In den Kindertagesstätten sind die Infektionszahlen im selben Zeitraum deutlich niedriger. Insgesamt wurden dem Gesundheitsamt 89 Corona-Fälle in der Städteregion gemeldet, 49 davon in Aachen (32 Kinder und 17 Erzieherinnen und Erzieher). Komplette Kita-Gruppen müssten aktuell in Aachen allerdings nicht geschlossen werden, teilt Björn Gürtler vom städtischen Presseamt auf Anfrage mit. Vor einer Woche sah das noch anders aus. Da habe man wegen Quarantäne-Anordnungen zwei Einrichtungen vorübergehend ganz schließen müssen, berichtet er. Die Lage bleibt also dynamisch. Insgesamt nehmen die Infektionsfälle laut Gürtler in den Aachener Kitas „sowohl beim Personal als auch bei den Kindern deutlich zu“.

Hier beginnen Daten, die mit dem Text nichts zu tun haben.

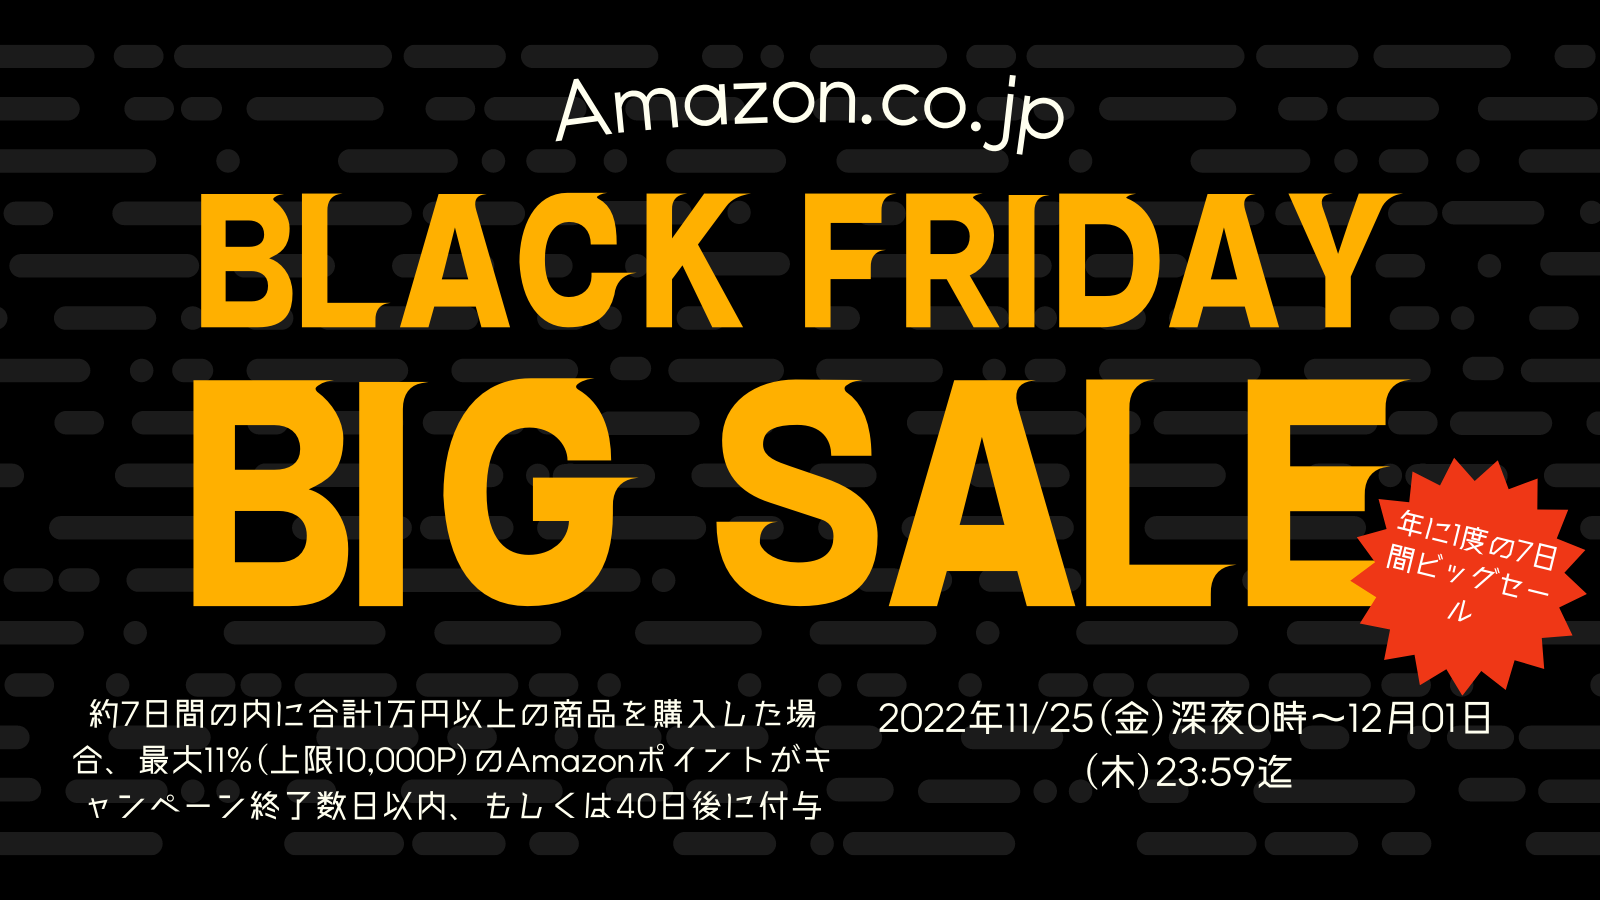 Amazonにて2022年実施分の「ブラックフライデー」を11月25日(金)深夜0時から約7日間開催 #Amazon #アマゾン #セール #特価 #タイムセール #ブラックフライデー #BlackFriday

Das bestätigt auch Heinz Zohren, Geschäftsführer des katholischen Kita-Trägers Pro Futura. „Die Positivmeldungen haben zugenommen.“ Seit das Land NRW die Quarantäneregeln im September geändert hat, müssen nicht mehr alle Kinder einer Kita-Gruppe in Quarantäne, sobald sich ein Kind mit Corona infiziert hat. Stattdessen müssen sich alle Kinder der betroffenen Gruppe 14 Tage lang dreimal pro Woche mittels Antigen-Schnelltest testen lassen. „Wir haben die Erfahrung gemacht, dass sich immer mehr als nur ein Kind infiziert hat und jeden Tag weitere Corona-Meldungen hinzukommen“, lautet die Zwischenbilanz einer Sprecherin des Aachener Kreisverbandes der Arbeiterwohlfahrt (AWO). „Wir befürchten und vermuten jedoch eine noch weitaus höhere Dunkelziffer.“
Denn: In einer zertifizierten Teststelle oder unter Aufsicht in der Kita muss dieser Test nicht erfolgen. Die Eltern müssen lediglich schriftlich bescheinigen, dass sie ihr Kind getestet haben und dieser Test negativ ausfiel. Auch Heinz Zohren von Pro Futura schließt nicht aus, dass einige Eltern dieser Testpflicht im Fall eines Infektionsfalls in der Kita-Gruppe nicht nachkommen.
Christian Bontenackels geht davon aus, dass auch deshalb die Sieben-Tage-Inzidenz bei den Null- bis Vierjährigen vergleichsweise gering ausfällt. „Ich halte das für die Folge eines geringen Testverhaltens“, sagt der Vater aus Würselen, der seit Monaten zusammen mit anderen Eltern aus Aachen und der Städteregion für eine flächendeckende Einführung des Lolli-PCR-Testverfahrens in Kitas kämpft. Tatsächlich lag die Sieben-Tage-Inzidenz bei Kindern bis einschließlich vier Jahre am Dienstag, 30. November, bei 150. Am 25. November, als die Inzidenzen in allen Altersgruppen durch die Decke gingen, lag der Wert bei 199.
Bontenackels und seine Mitstreiter schätzen, dass gerade mal 30 Prozent der Eltern in der Städteregion von den freiwilligen Selbsttests, die das Land neben den verpflichtenden Tests im Falle einer nachgewiesenen Infektion für Kita-Kinder zur Verfügung stellt, auch wirklich genutzt werden. Bislang beißt die Elterninitiative jedoch mit ihren Forderungen bei den meisten Verwaltungen „auf Granit“, wie Bontenackels sagt. Insbesondere in Aachen führe das zunehmend für Verärgerung in der Elternschaft. Dabei sei die Umsetzung des Lolli-PCR-Testverfahrens nach wie vor „machbar“, beteuert Bontenackels – auch wenn das angesichts der hohen Infektionszahlen vor zwei Monaten noch deutlich einfacher gewesen wäre.
In Aachen hat sich der Kinder- und Jugendausschuss im August mit dem geforderten Testverfahren beschäftigt. Die Politik entschied sich wegen des großen logistischen Aufwands jedoch dagegen.